● PROBLEM TO SOLVE:
Transcribe only what runs from the line containing "Saks Fifth Avenue" through the end of the listing, line for line and exactly, and omit the pictures.

● MATERIAL PROVIDED:
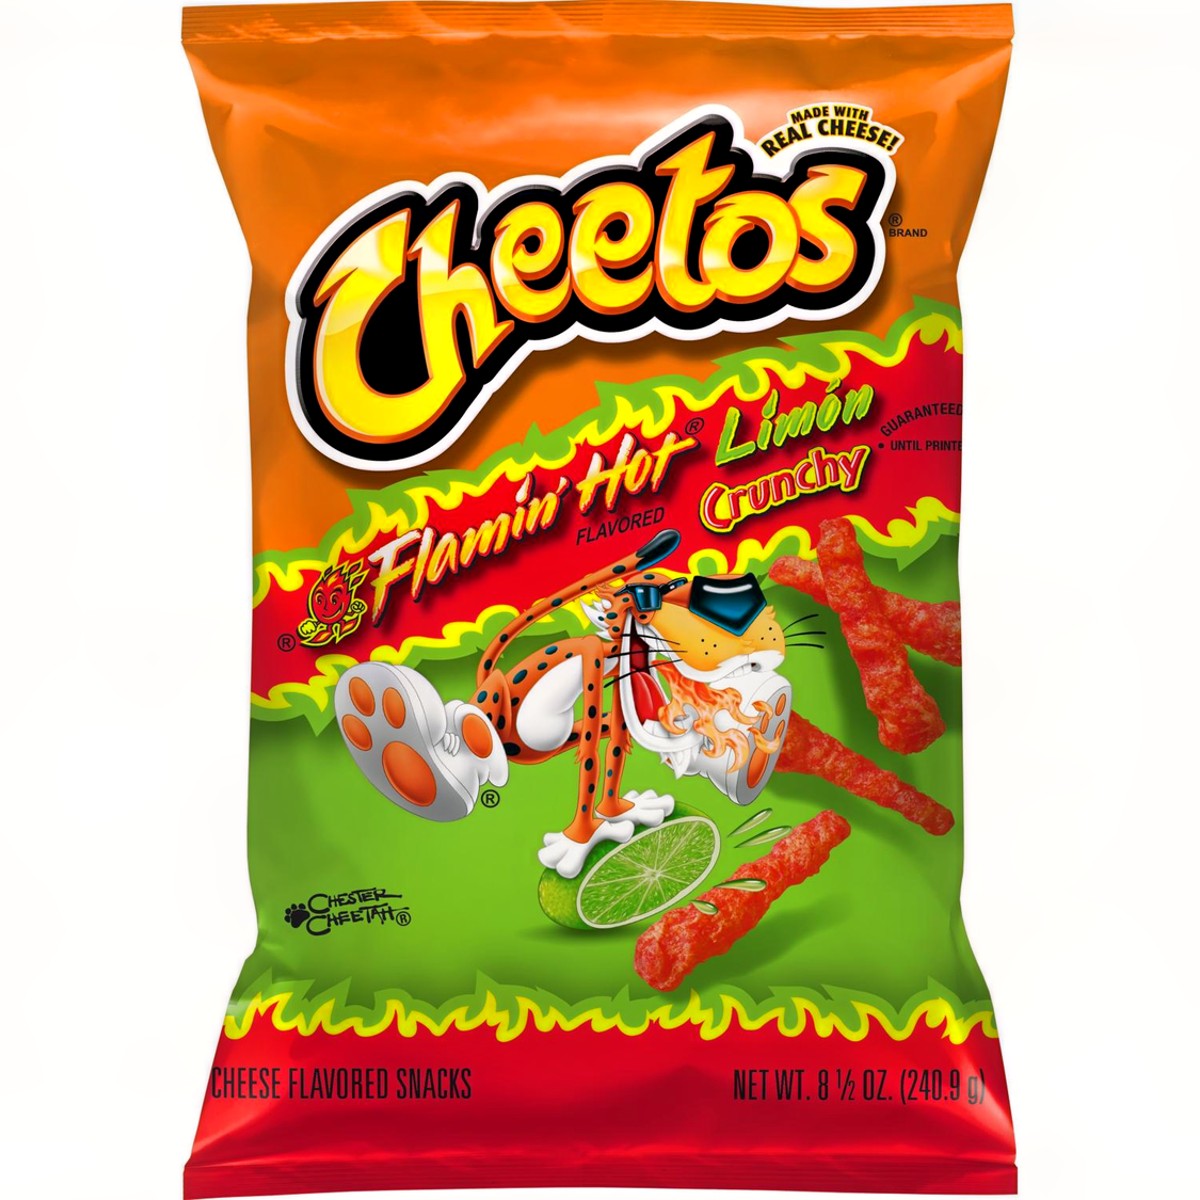 Cheetos XXTRA Flamin Hot Crunchy 8.5oz (4pk)
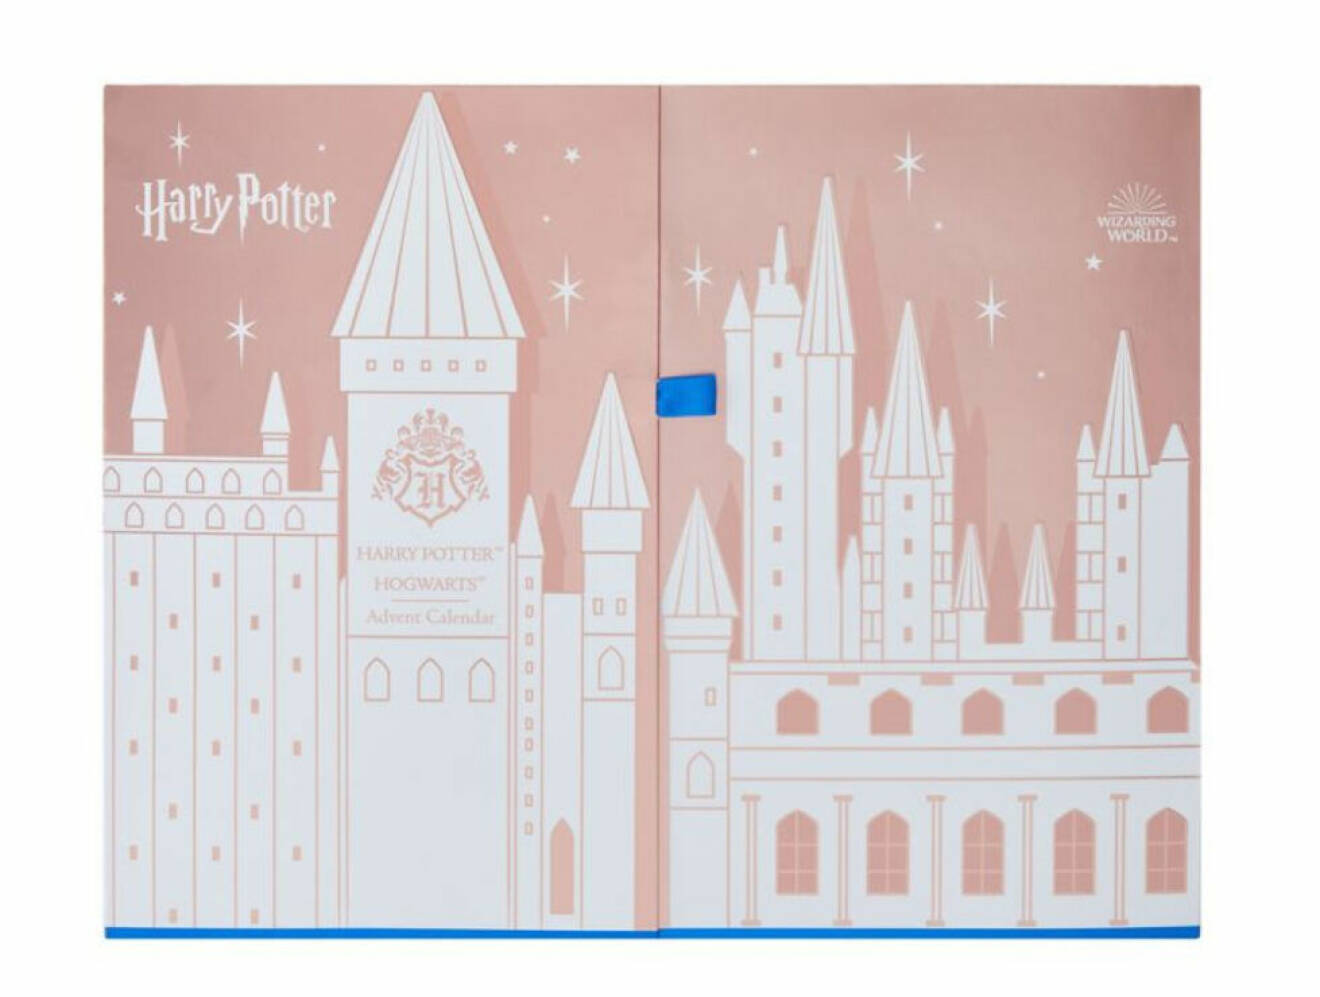 Harry Potter adventskalender med skönhet
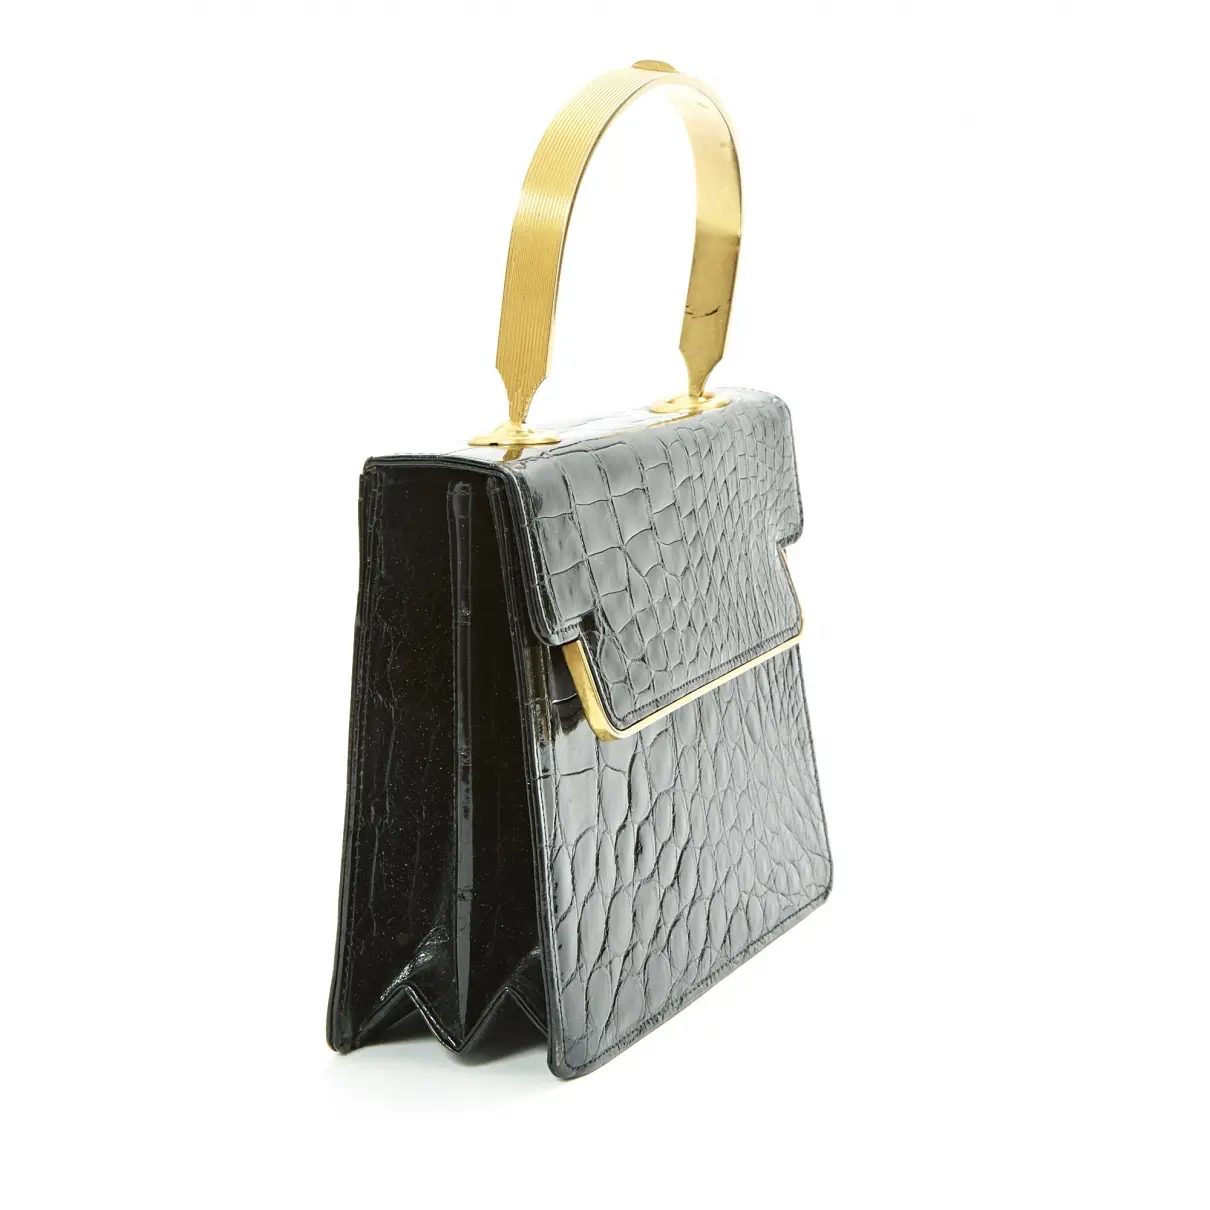 Saks Fifth Avenue Collection Crocodile handbag for sale - Vintage
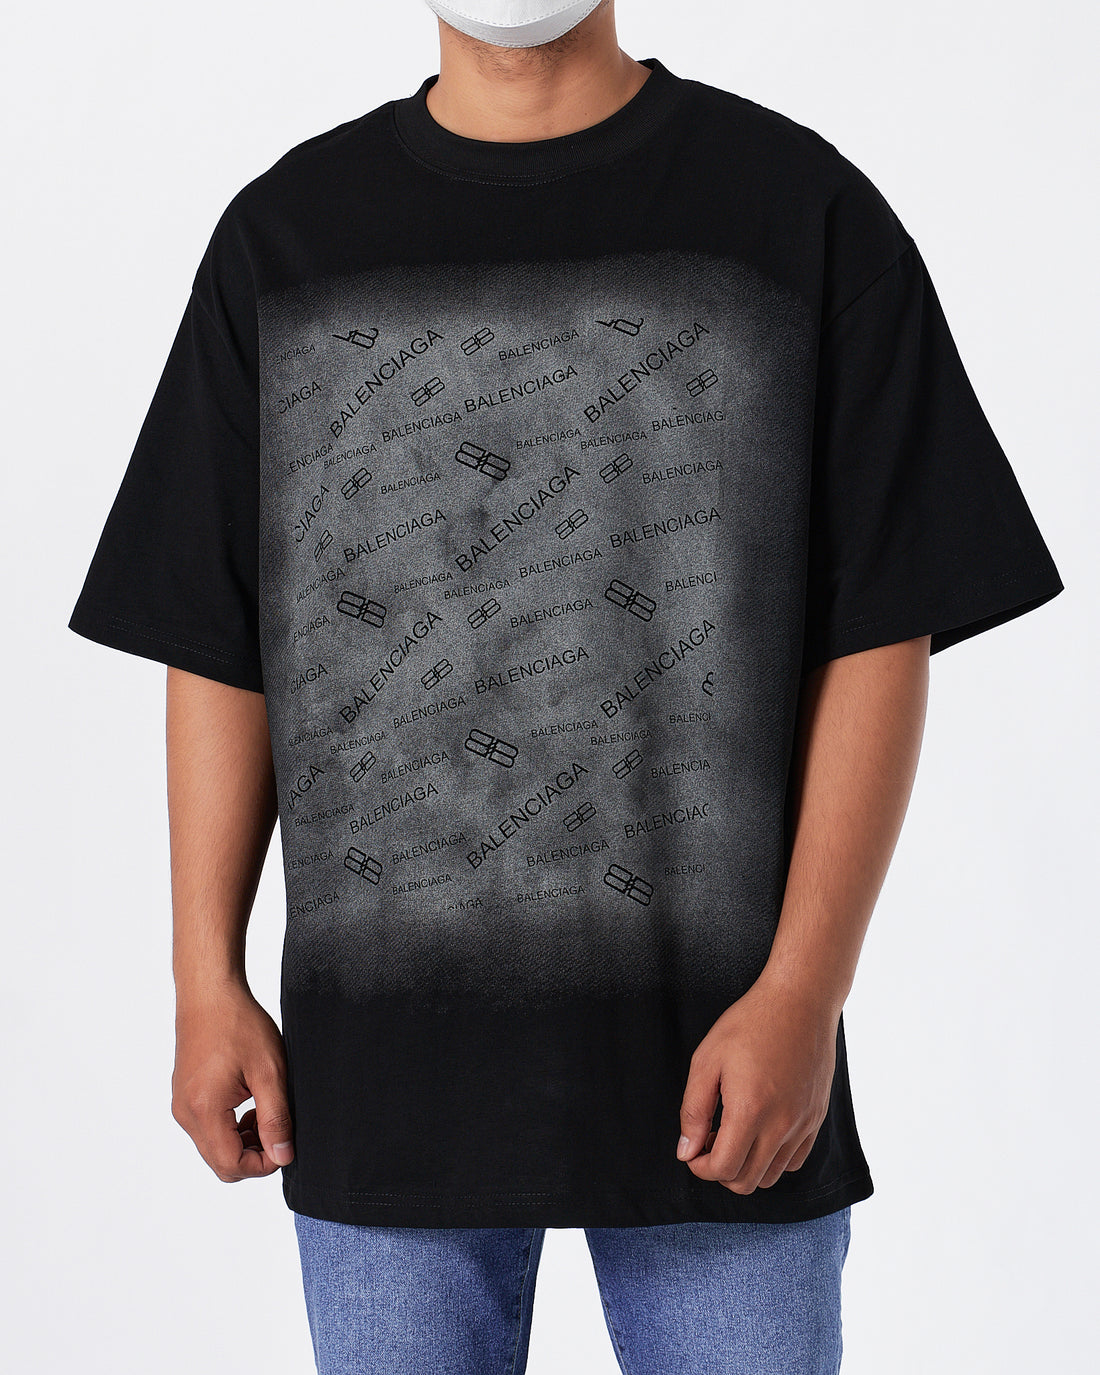 BAL Sliver Logo Printed Men Black T-Shirt 25.90

● RESPONSE BELOW:
 Saks Fifth Avenue Collection Crocodile handbag for sale - Vintage
 BAL Sliver Logo Printed Men Black T-Shirt 25.90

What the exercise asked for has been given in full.